Specific strengths versus particular weaknesses of FBOs
Concerning politically relevant resources and strategies, particularly Protestant FBOs mention a variety of means that can be found in other (non-religious) civil-society organizations, too, and that can be classified as outside lobbying tactics.” These include, for instance, positioning in own publications (ID 03, Prot.; ID 11, Prot.), media appearances (ID 03, Prot.; ID 11, Prot.), events (ID 03, Prot.), donation campaigns (ID 03, Prot.), and civil-society networks (ID 26, Prot.).

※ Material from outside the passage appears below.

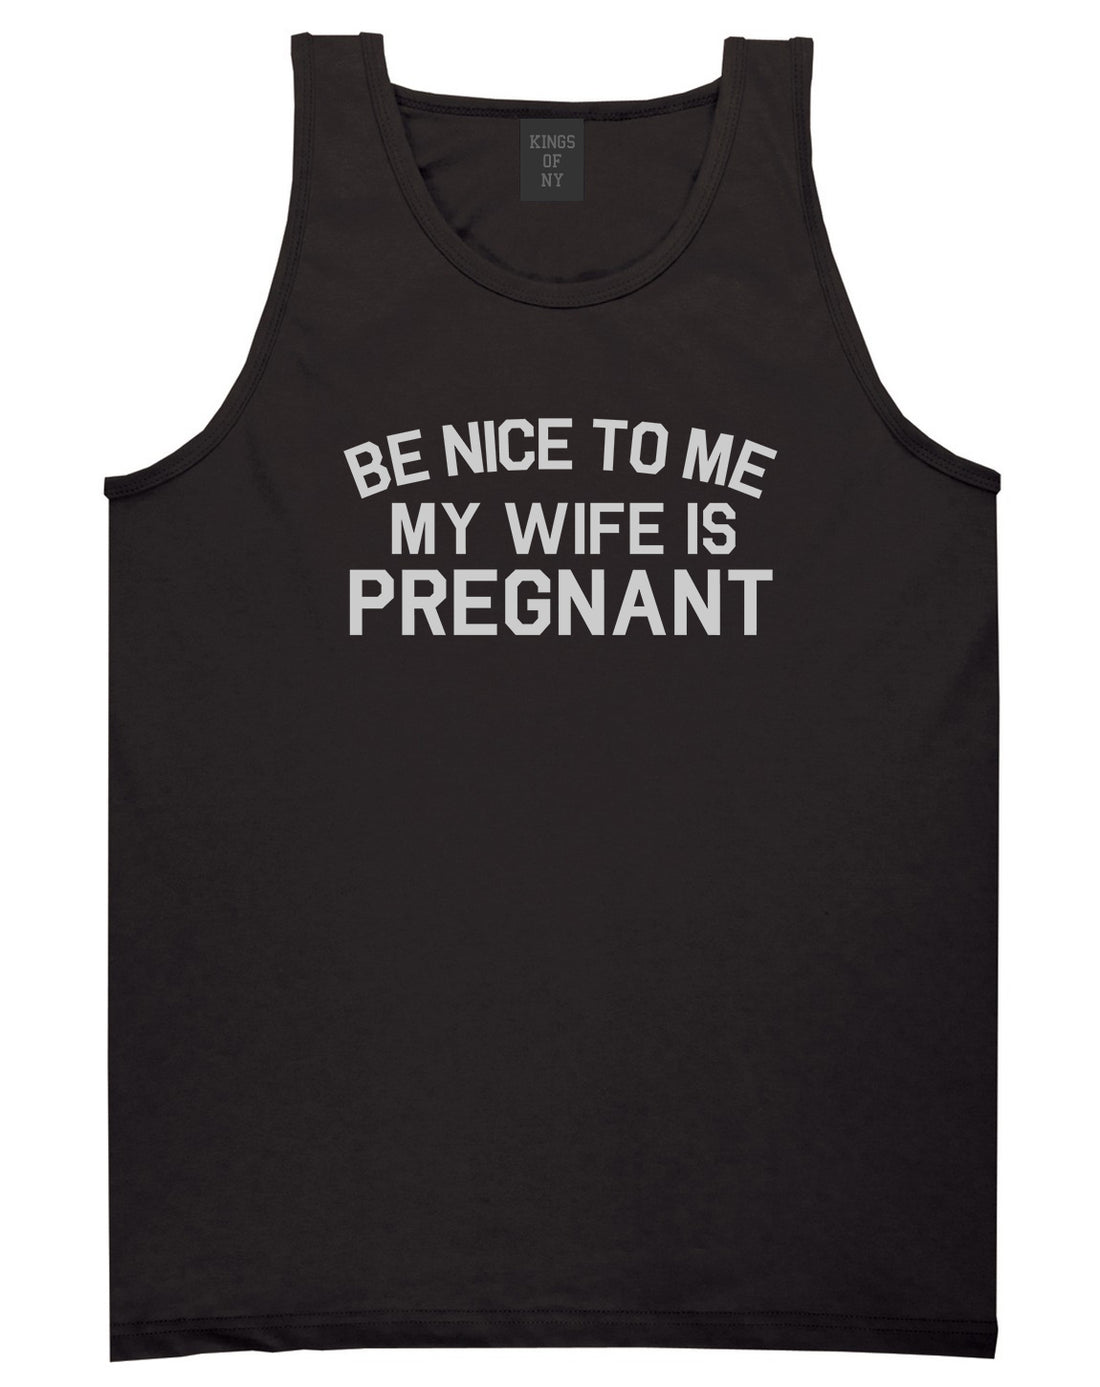 Be Nice To Me My Wife Is Pregnant Mens Tank Top Shirt Black

Many Protestant interviewees also believe in a (continued) certain standing of their church as an institution in their municipality that also equips it with political importance. An interviewee describes the Protestant Church as an “important, big actor in the city district” (ID 27, Prot.), whereas two representatives from other FBOs speak of their conviction that their church still has particular “weight” (ID 02, Prot.; ID 11, Prot.) in their respective municipality. In their view, this significance of the church as a local player already provides their utterances, activities, or just public appearances with impact that can also be used in favor of refugees. In line with this, a Protestant representative expects that “it has some weight when […] the church visits a refugee facility, seeking dialog and is eager to hear how the situation is” (ID 02, Prot.), expressing the hope to raise awareness of local politics toward the refugees’ situation in the respective accommodation. Another interviewee believes in the strength of God’s word that might cause people to advocate for refugees: “That might sound weak at first because there is no force behind it, but that is precisely what is specific to the Christian faith, that it works with the means of the word.” (ID 03, Prot.) Furthermore, a unique resource a Protestant representative attests to the churches is their historically rooted expertise in welfare delivery that also strengthens their role in refugee politics: “The competence in this area simply lies with the independent [religious welfare] organizations. Diaconie, refugee counselling, and also Caritas have been working in this area for decades and have really accumulated a lot of competence” (ID 02, Prot.).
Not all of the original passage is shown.